START Extracted entries

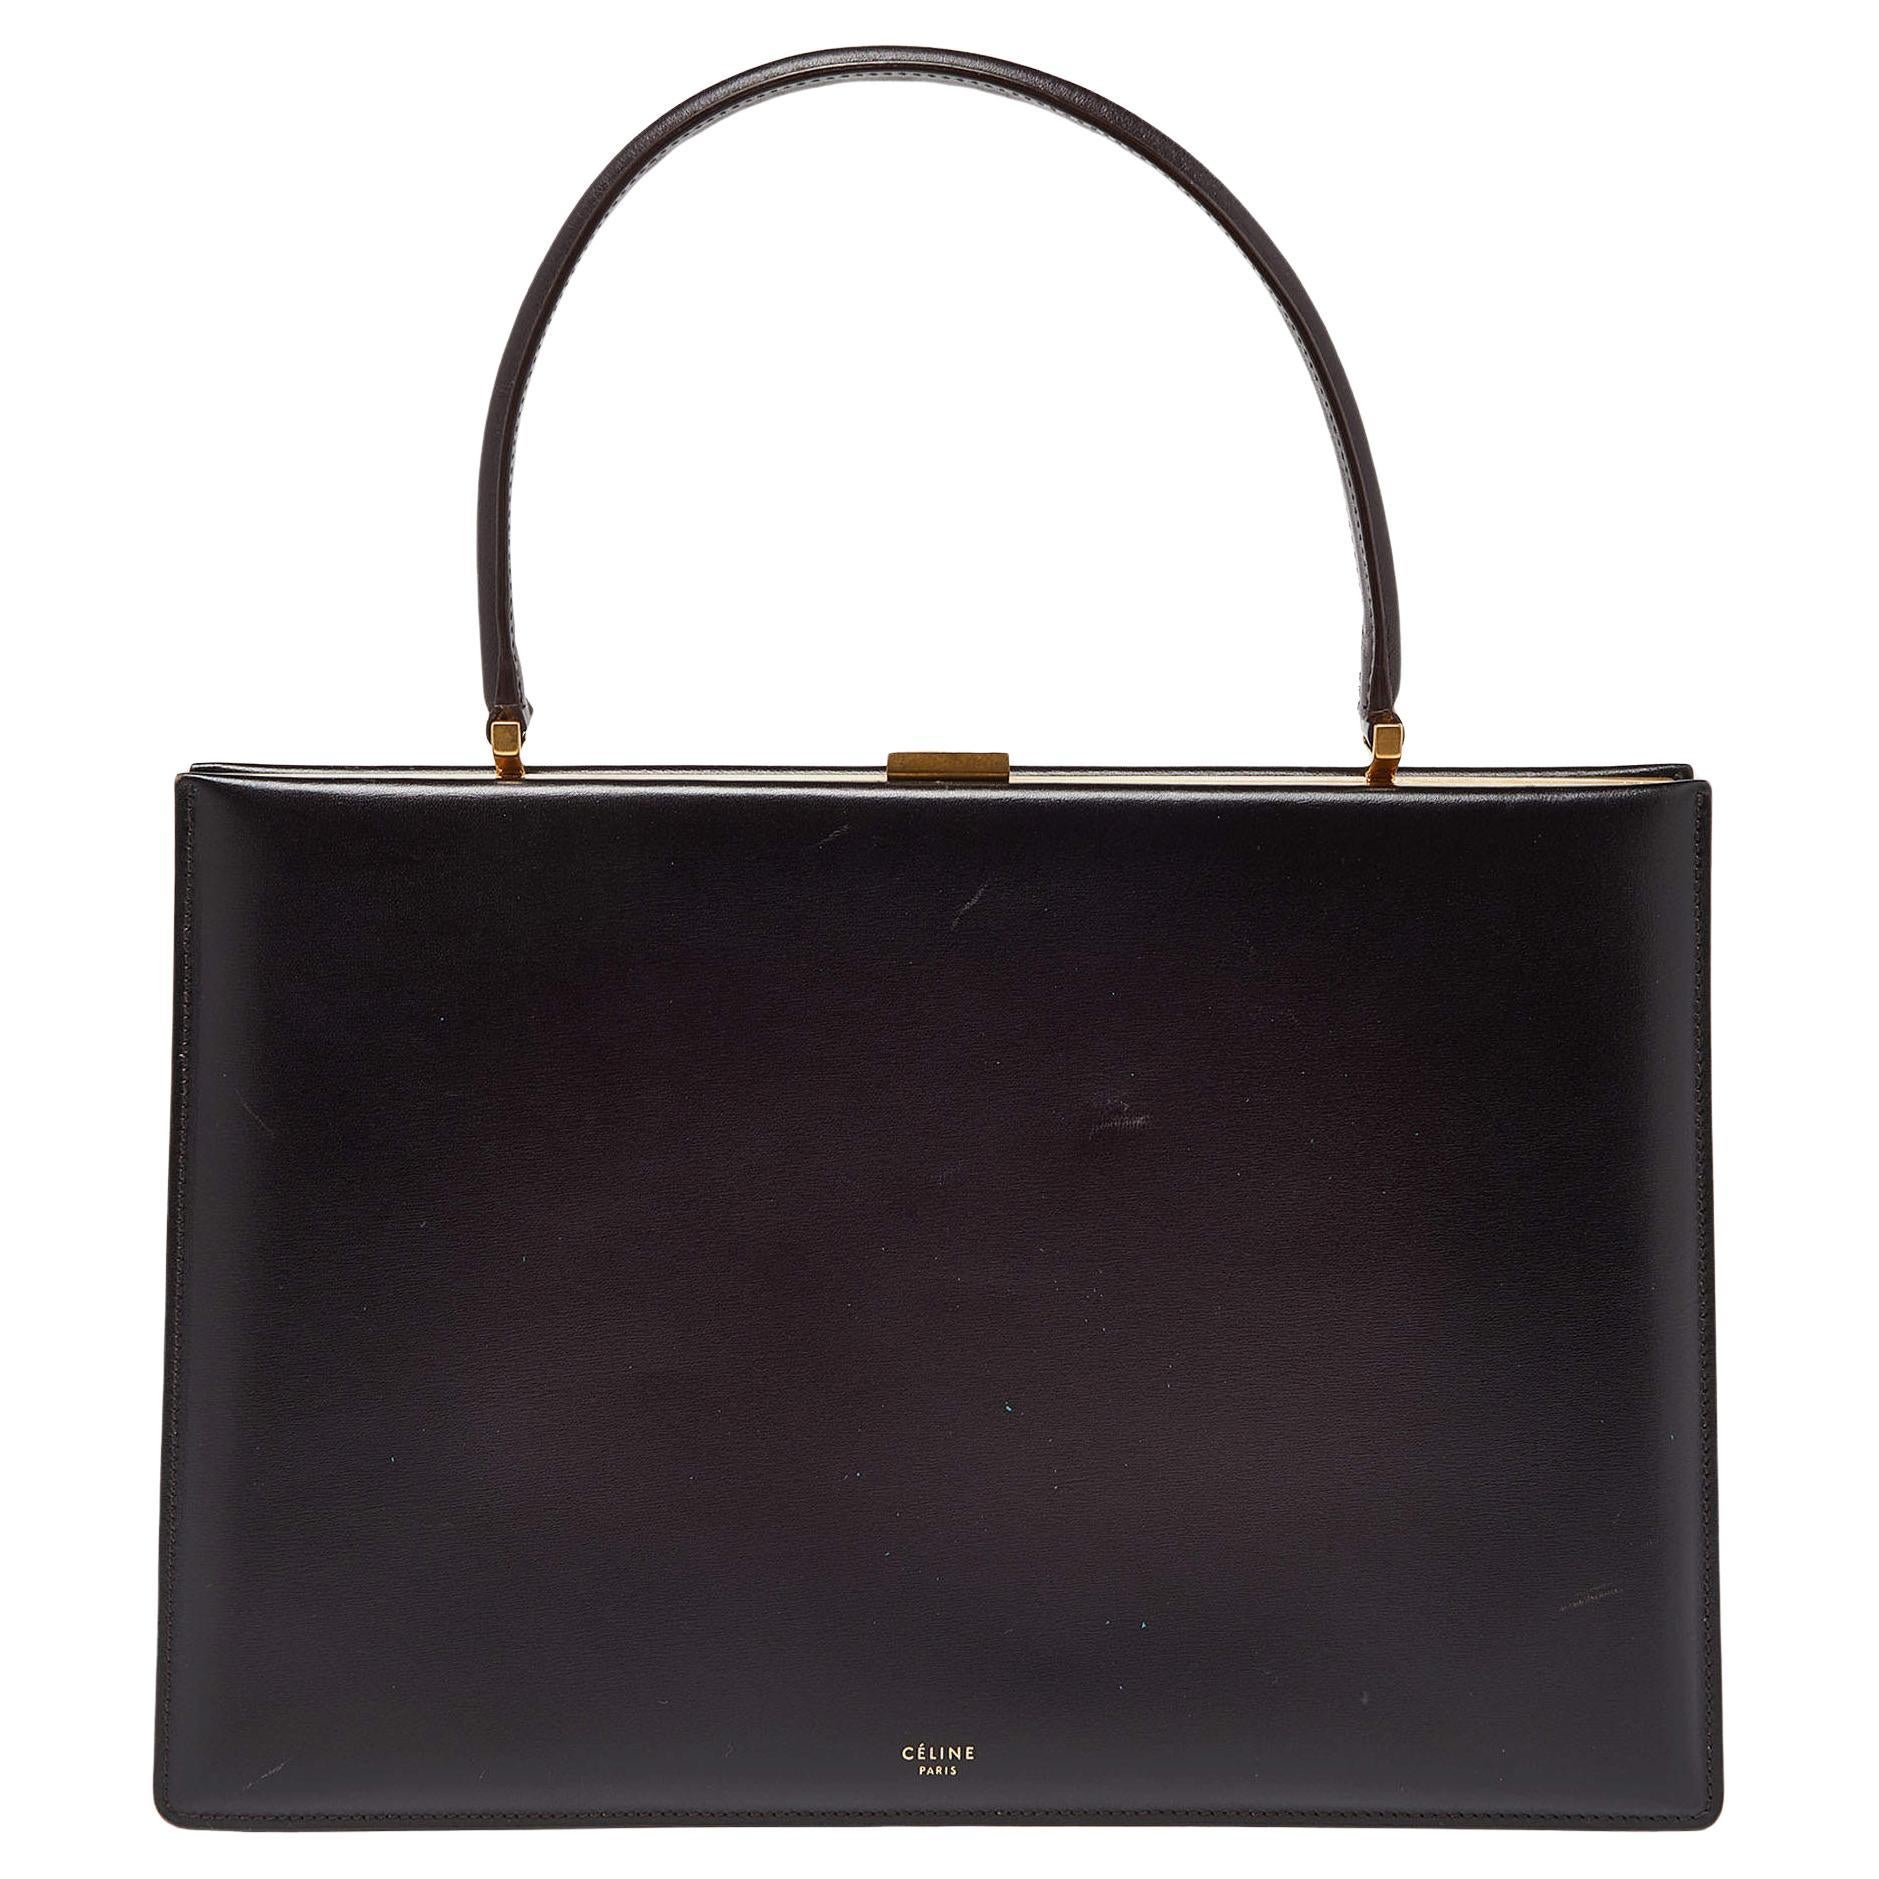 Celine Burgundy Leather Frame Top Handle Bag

END Extracted entries
START Extracted entries

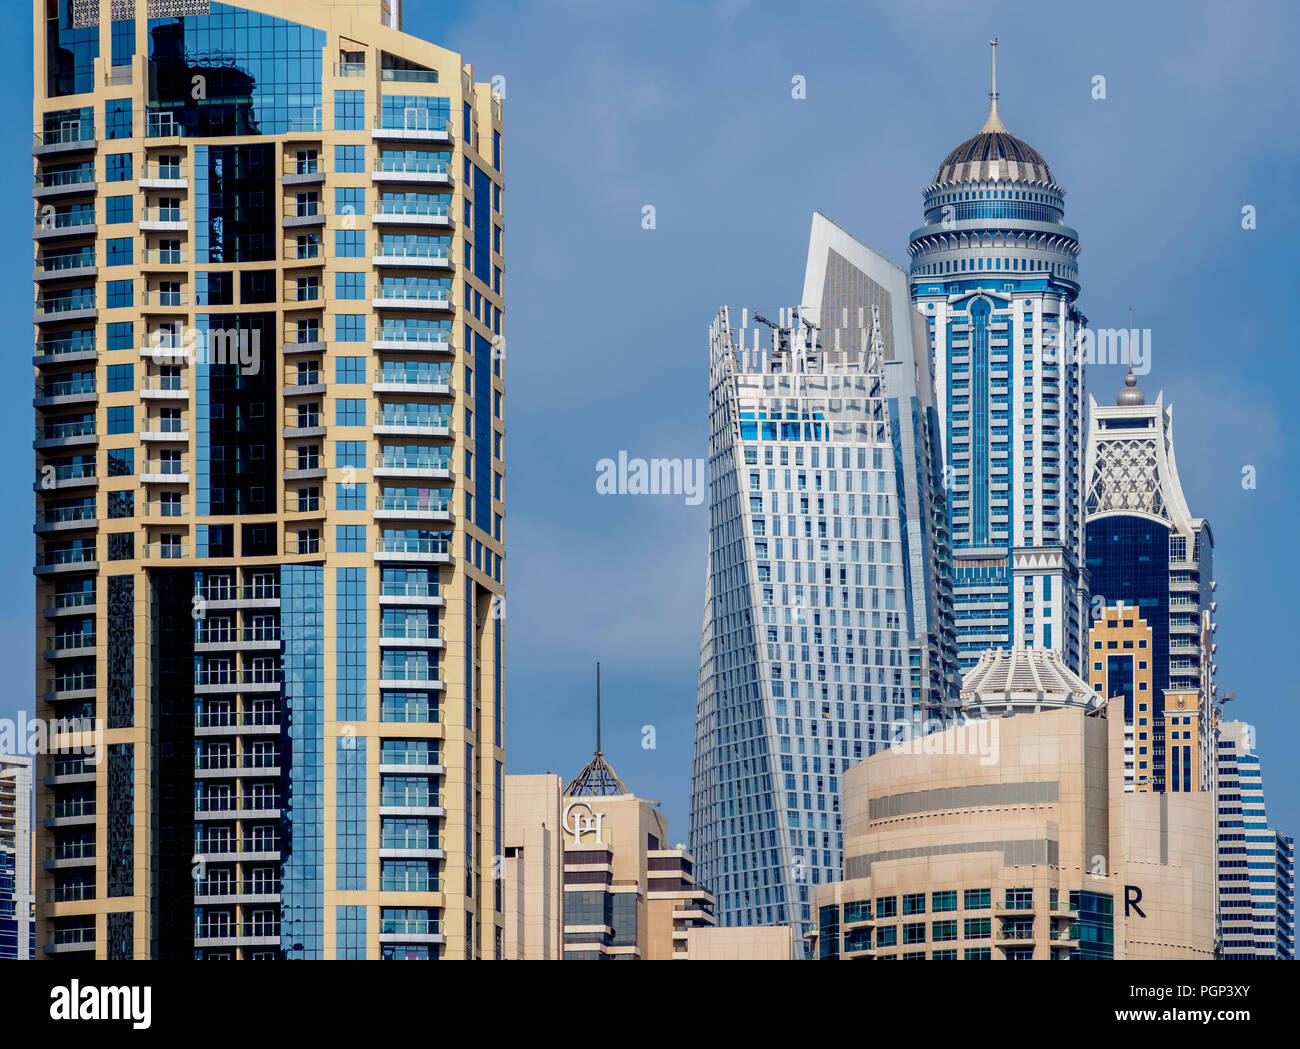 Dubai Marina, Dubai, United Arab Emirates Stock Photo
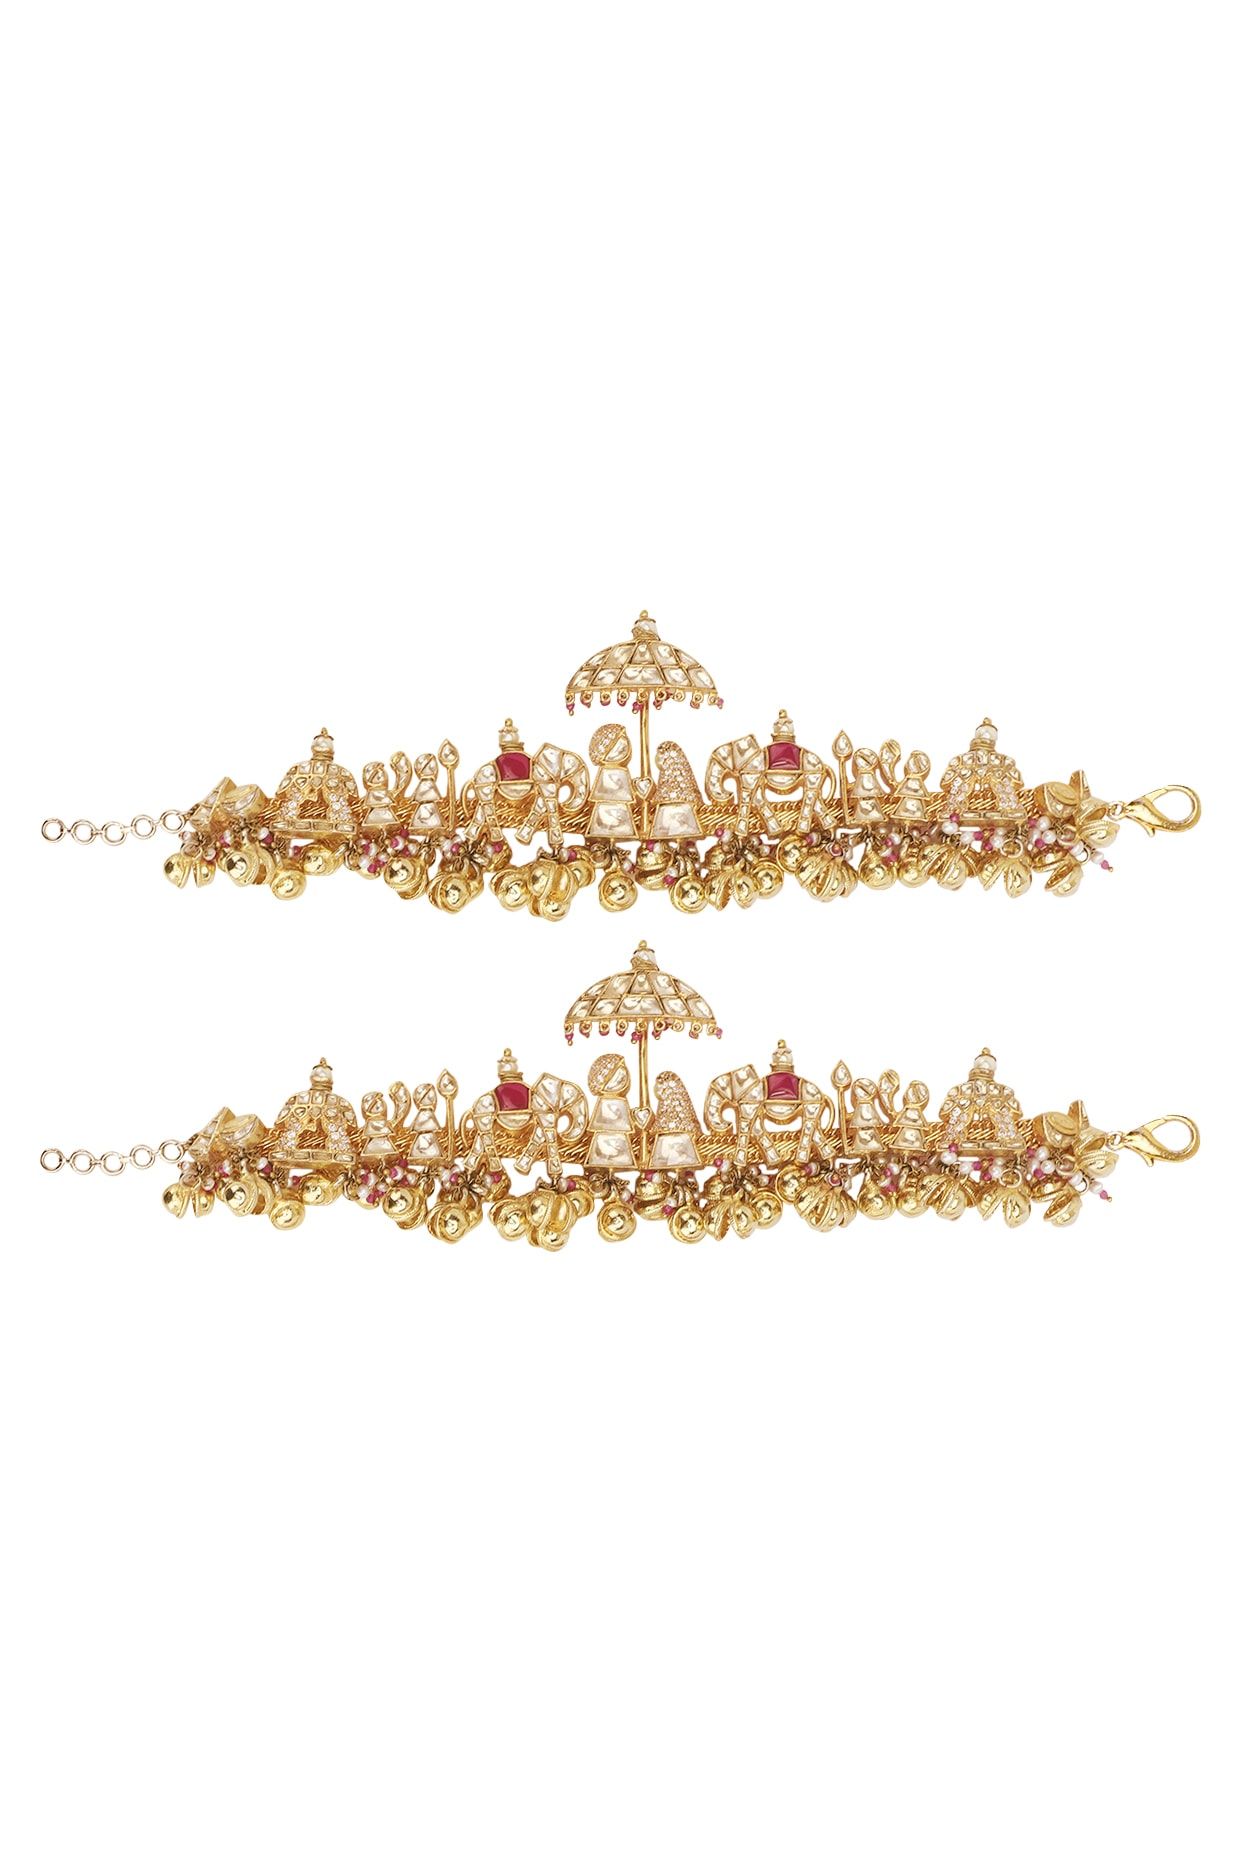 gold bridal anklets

END Extracted entries
START Extracted entries

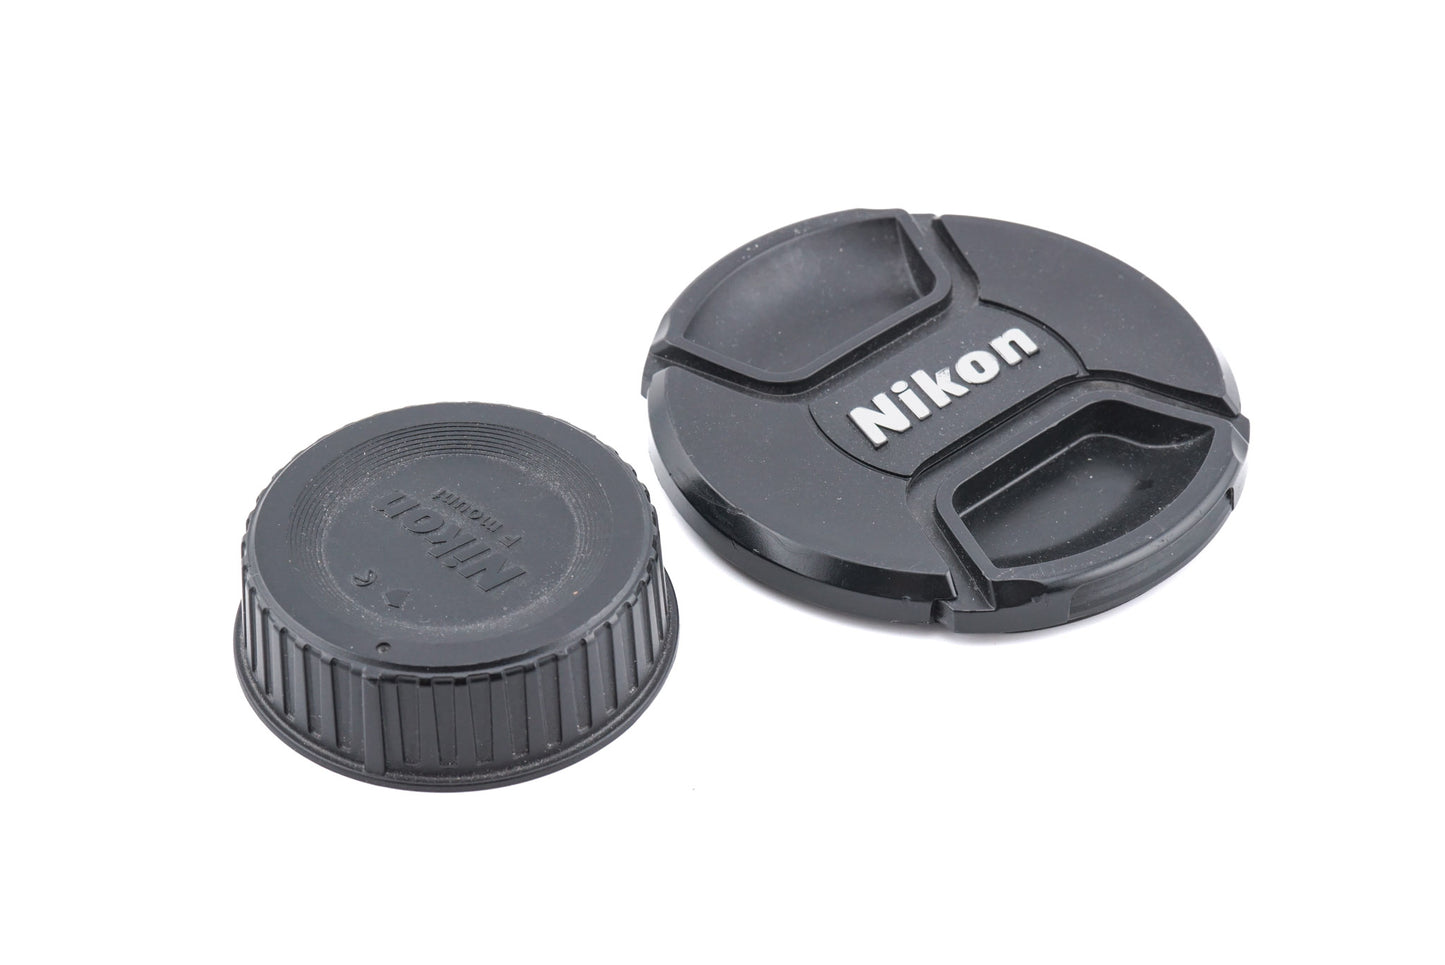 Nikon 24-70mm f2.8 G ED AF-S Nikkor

END Extracted entries

Exact copy, no pictures. Write out the lines in the entries above, starting with the line with "Dubai Marina, Dubai, United" and going on through the line with "gold bridal anklets", keeping both.

 Dubai Marina, Dubai, United Arab Emirates Stock Photo
 gold bridal anklets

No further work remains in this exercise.